You can use whichever method will work best for you. The best way to maintain the crispness of the fried chicken is to use the oven. However, we understand that an oven may not always be available for reheating purposes. 

Related Questions

We hope that you have found this guide to be informative and that the information fully encompasses everything you need to know about storing fried chicken. 

We have provided some common questions in a question-and-answer guide and we invite you to review these for further information that could be useful to you. 

How Can You Tell if Your Fried Chicken Has Gone Bad?

Chicken usually has obvious telltale signs when it starts to spoil. If the chicken smells sour, it is most likely bad and you should dispose of it and clean any exposed area thoroughly to prevent cross-contamination. 

Additionally, you might be able to tell that the chicken has gone bad by looking at it.
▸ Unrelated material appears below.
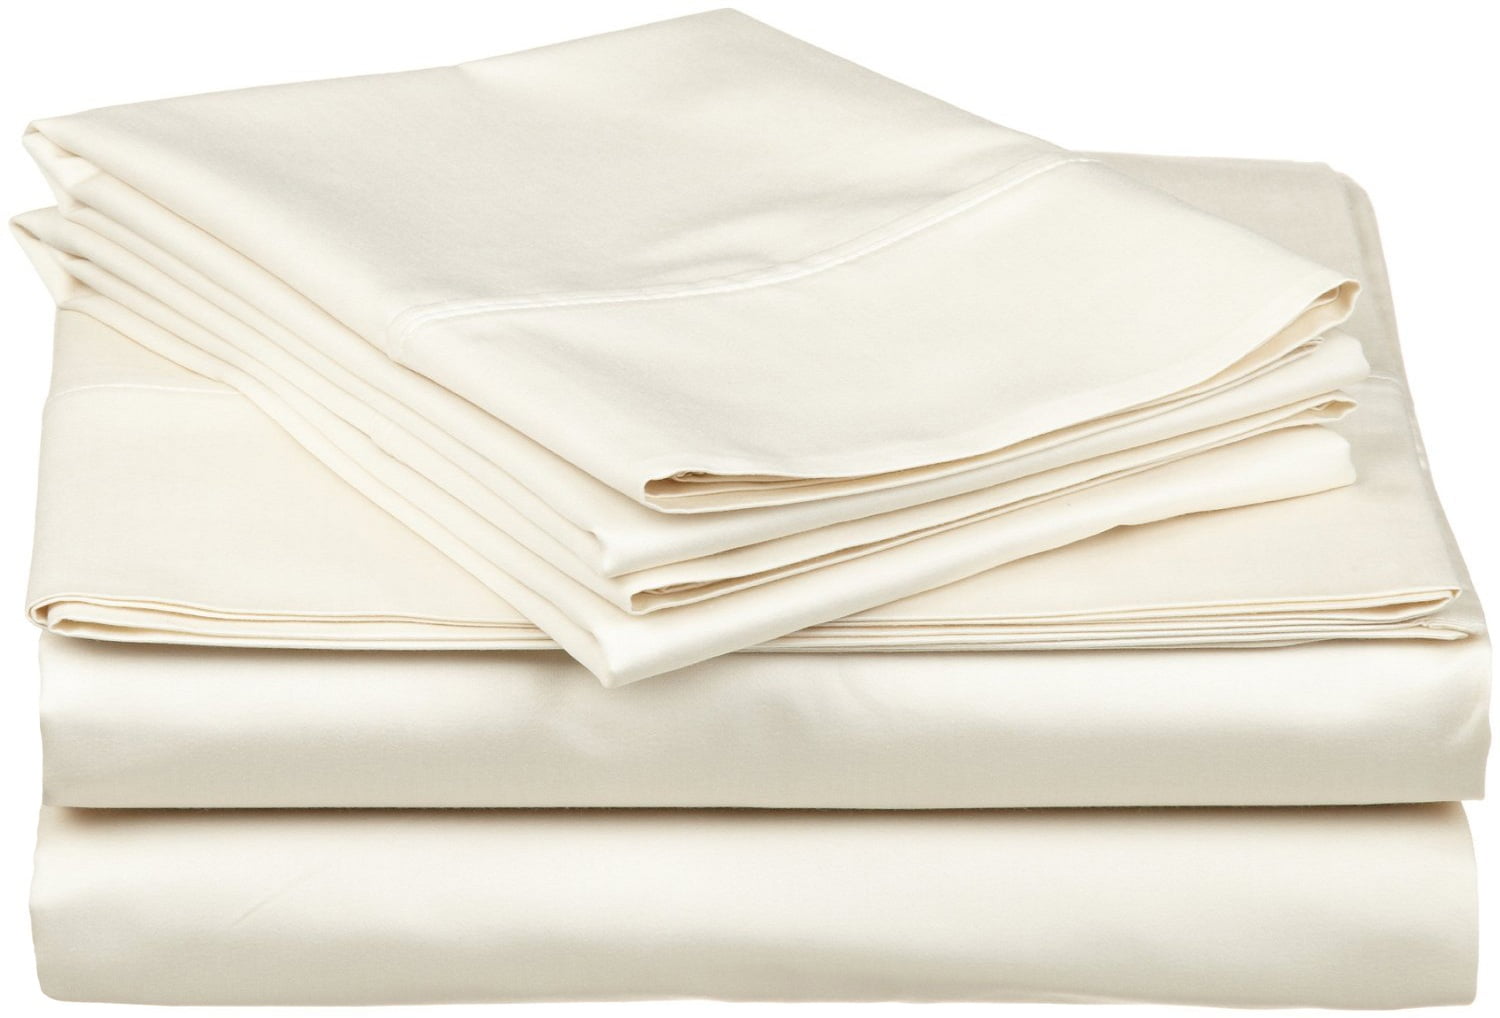 Top Class Egyptian Cotton Select Sheet Set Deep Pocket US Sizes Ivory Striped

If it has developed a slimy texture or the color looks odd you should again dispose of it immediately and clean exposed areas. 

How Can I Keep My Breading from Falling Off When I Fry My Chicken?

Frying chicken often boils down to an art. When you are preparing the chicken for frying there are some minor steps that can make a major difference. 

If you soak your chicken in buttermilk prior to breading, you should pat it dry enough that the buttermilk is not dripping when you coat it. When you coat your chicken in the flour mixture, you should shake off excess flour. It is often this excess flour that will cause the breading to fall off because it does not adhere to the chicken.